Bryan Municipal Utilities has experienced an uncharacteristically high level of electrical outages in May and June, with no one overriding reason as the culprit, according to BMU Electric Superintendent Al Sullivan.

Several outages in June were caused by “eight squirrels, six trees and three electrical failures,” Sullivan said Tuesday.

The June issues contributed to an increase in the timespan of BMU’s typical outages. Called the BMU System Average Interruption Duration Index, it rose from an average of 10-12 minutes in a typical May and June, to 55 minutes in May and June 2020.

The number is calculated by dividing the sum of all customer interruptions’ duration by number of customers served.

The U.S. median is about 1 hour and 30 minutes.

“The storm season and the squirrels are a never-ending battle for us as far as them getting into places they shouldn’t be,” said Sullivan. “We do squirrel-proofing and cover up things, but they still seem to get into certain areas they shouldn’t. Any time they touch something energized it’s going to cause an outage.”

Sullivan said areas are prepped to deter squirrels periodically throughout the year, along with any time an incident pops up.

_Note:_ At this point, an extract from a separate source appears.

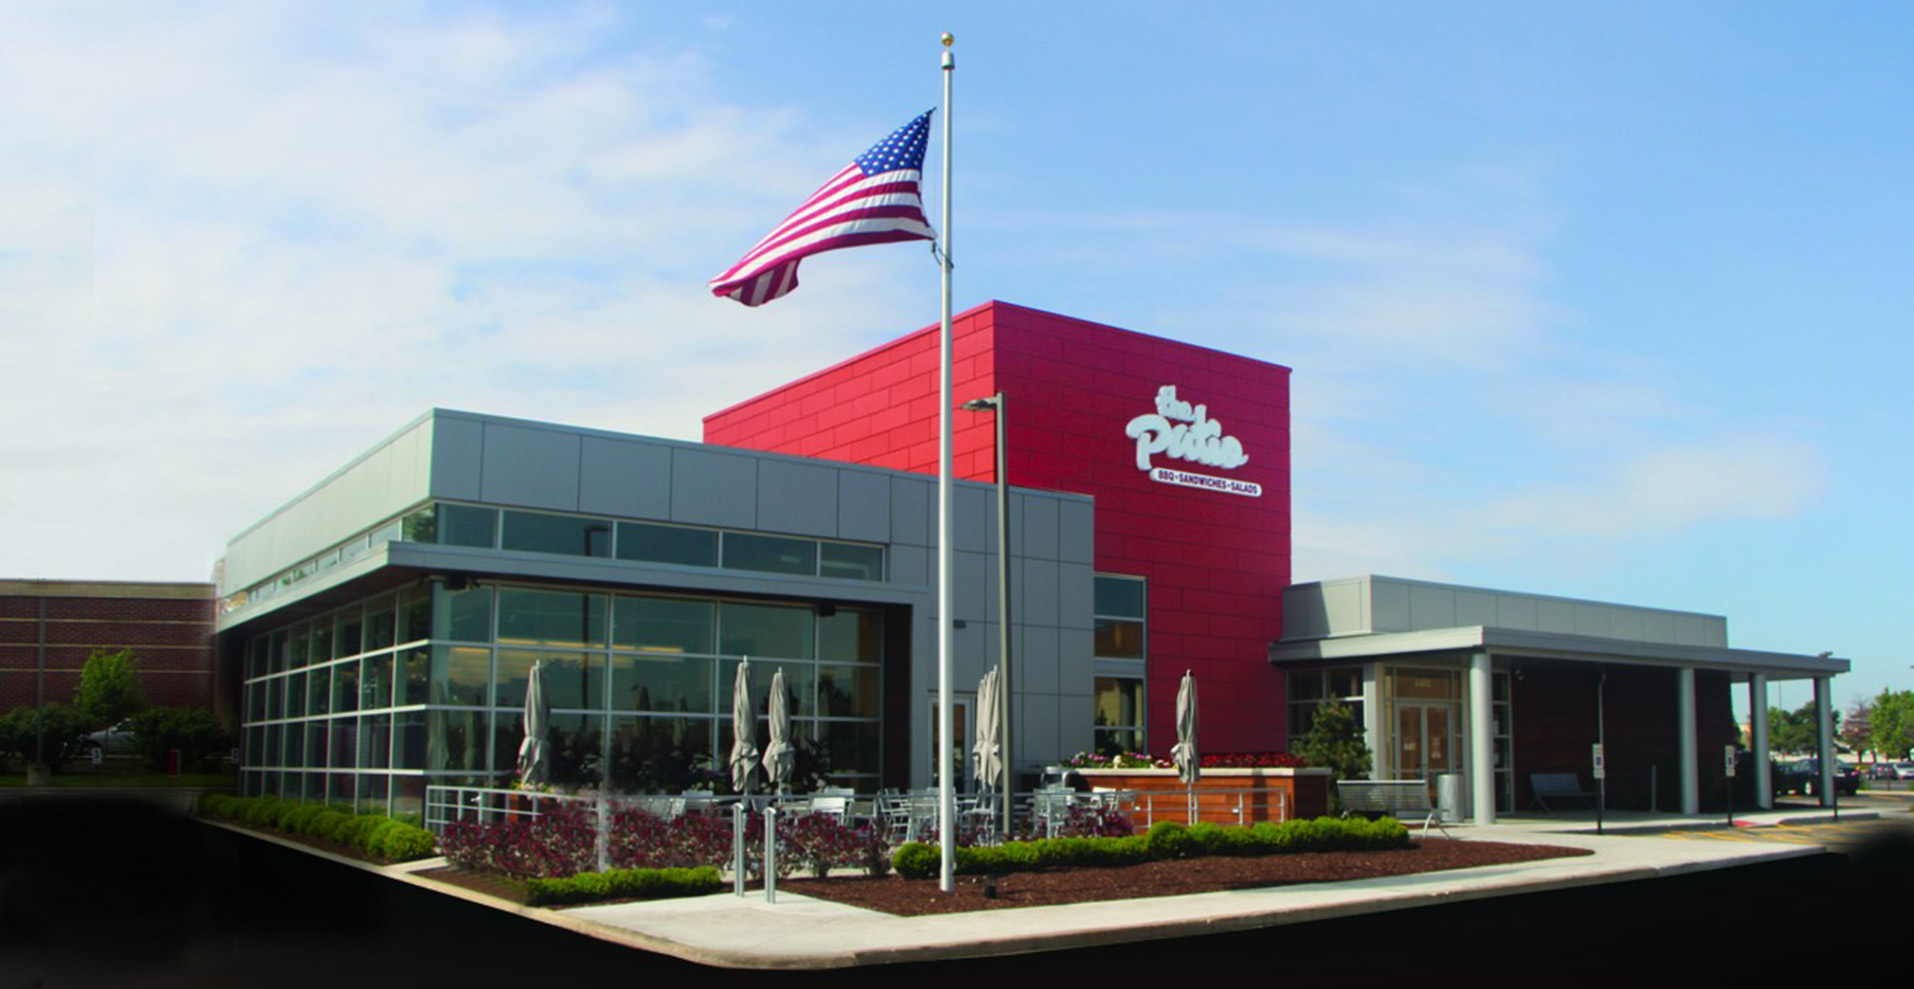 Patio Restaurant Group 4400 Fox Valley Center Dr Aurora Il
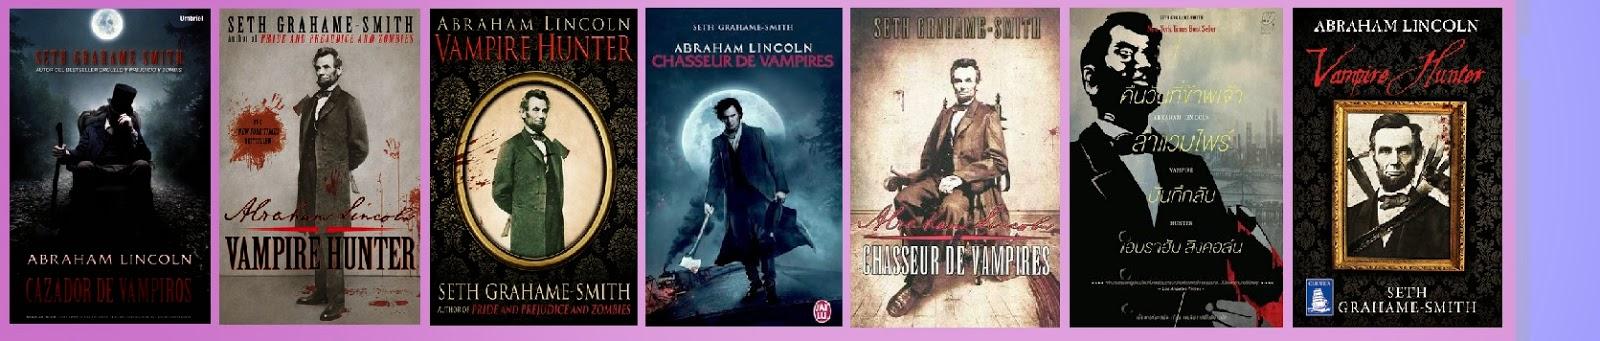 portadas de Abrahan Lincoln cazador de vampiros

“We try to do our best and shield them from our poles,” said Sullivan. “But it’s not 100%.”

A few downtown Bryan residents may have noticed an outage on June 3, during which a squirrel got into a switch in the area of Titan Tire, which tripped the breaker and “blipped” power.

On June 10, storms reared their head. Numerous downed trees in places like the 400 block of East Wilson Street, the 05000 block of County Road 15.75, the 100 block Sycamore Lane and in the 1900 block of East Wilson Street — plus a damaged line between the power plant and Daggett Substation — conspired to cause tripping of multiple circuit breakers and power outages.

Sullivan noted that an extensive effort was undertaken to remove and trim trees near lines over the past year, but that secondary line areas might still pose problems.

In the second large-scale outage of the month, on June 19, a lighting arrester failure occurred at Bona Vesta, tripping breakers at the corresponding substation and causing an outage that lasted about 45 minutes and affected 717 customers.

“It could’ve been weakened by a storm before and all of a sudden it decided to explode,” said Sullivan. “Those things are known to do that. They’re only good for a certain amount of amperage. We’ve got thousands on our system and you can’t replace them all at once ... You can’t visually see what’s wrong with them.

“We try our best to be proactive,” he said.

On June 28, two squirrels got into a primary underground riser and broke a protective device, which in turn tripped the circuit breaker at the corresponding substation, causing 0.6 hours of outage affecting 716 customers.